Create a new column that is the ratio of Self-Citations to Total Citations. 
What is the maximum value for this new column, and what country has the highest ratio?

*This function should return a tuple with the name of the country and the ratio.*

In [94]:
def answer_four():
    Top15 = answer_one()
    Top15["ratio Cita"] = Top15["Self-citations"] / Top15["Citations"]
    Top15 = Top15["ratio Cita"].sort_values(ascending=False)
    Top15 = Top15.reset_index(drop=False)
    res = tuple(Top15.iloc[0])
    return res
answer_four()

('China', 0.6853754846599598)

### Question 5

Create a column that estimates the population using Energy Supply and Energy Supply per capita. 
What is the third most populous country according to this estimate?
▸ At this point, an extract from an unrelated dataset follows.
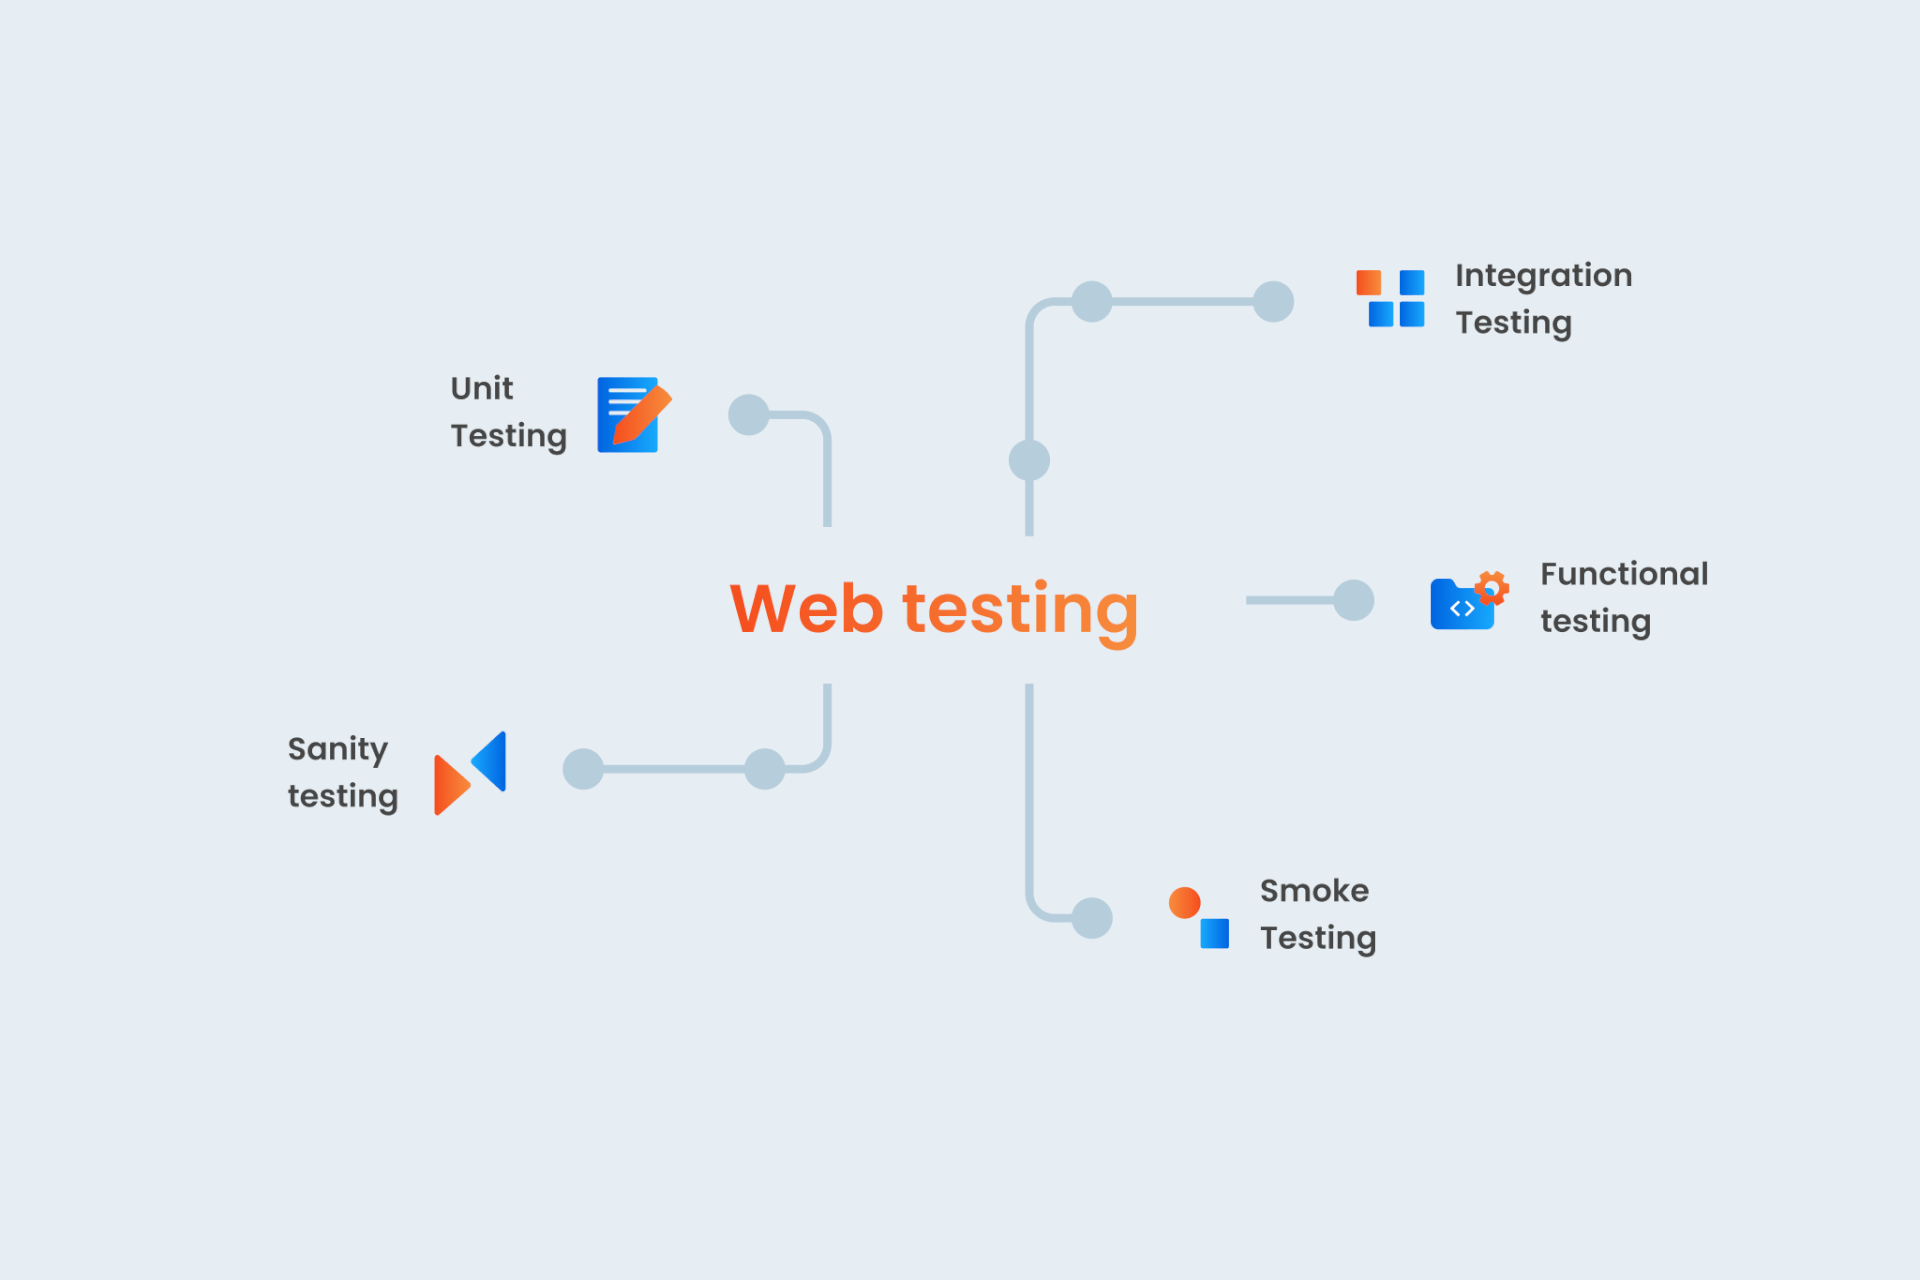 The image shows the most common types of web testing: Unit, Integration, Functional, Smoke, and Sanity Testing.
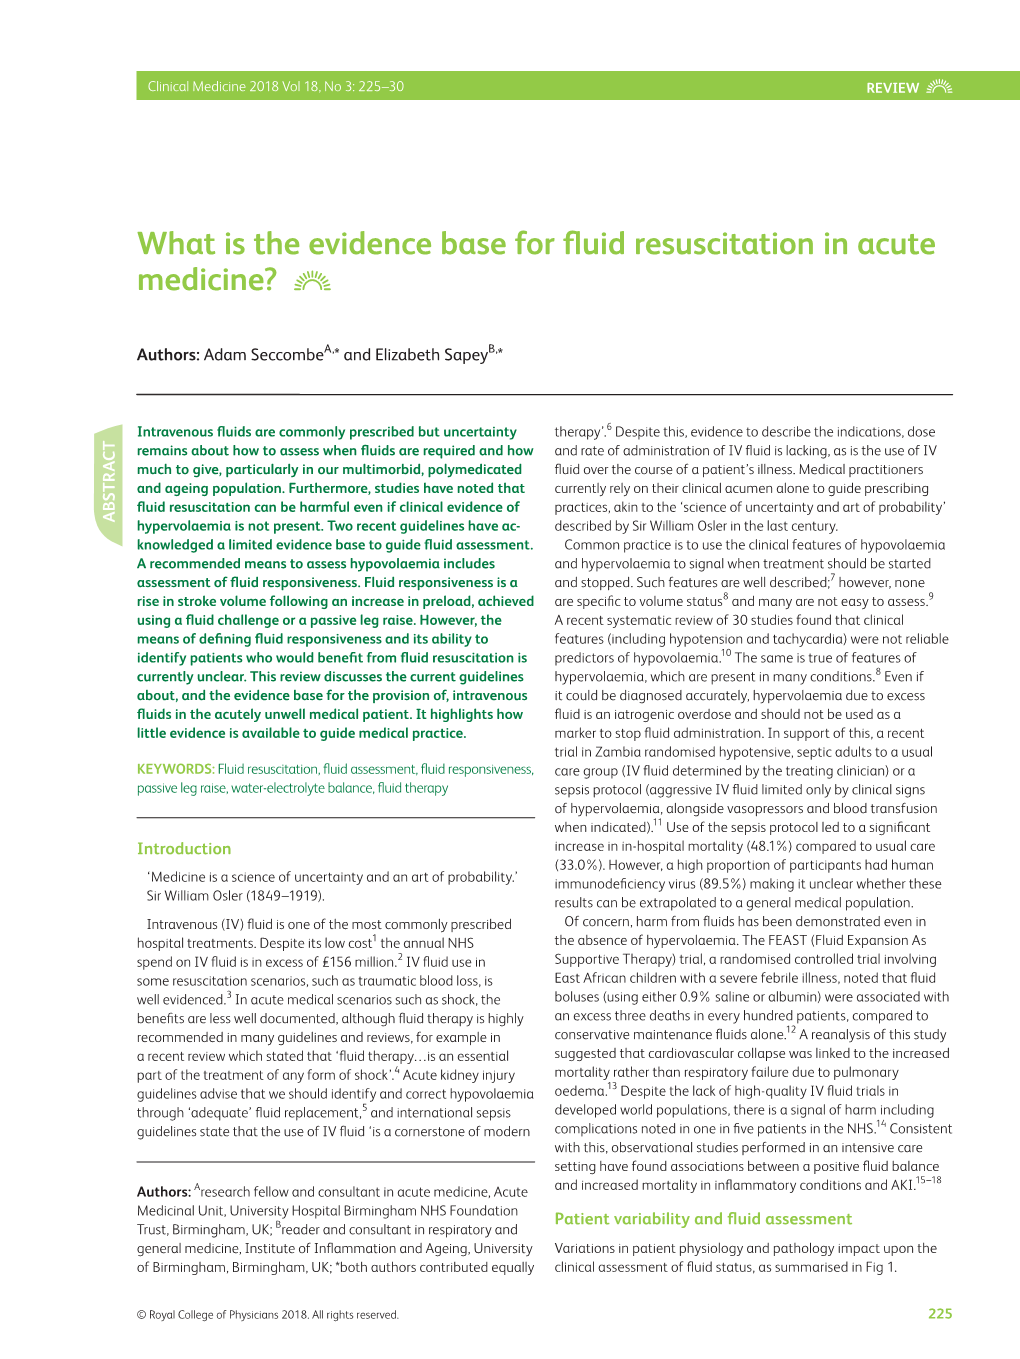 What Is the Evidence Base for Fluid Resuscitation in Acute Medicine?

*This function should return a single string value.*

In [95]:
def answer_five():
    Top15 = answer_one()
    Top15 = Top15[["Energy Supply", "Energy Supply per Capita"]]
    Top15["Estimates the population"] = Top15["Energy Supply"] / Top15["Energy Supply per Capita"]
    Top15 = Top15.sort_values("Estimates the population", ascending=False)
    return Top15.index[2]
answer_five()

'United States'

### Question 6
Create a column that estimates the number of citable documents per person. 
What is the correlation between the number of citable documents per capita and the energy supply per capita? Use the `.corr()` method, (Pearson's correlation).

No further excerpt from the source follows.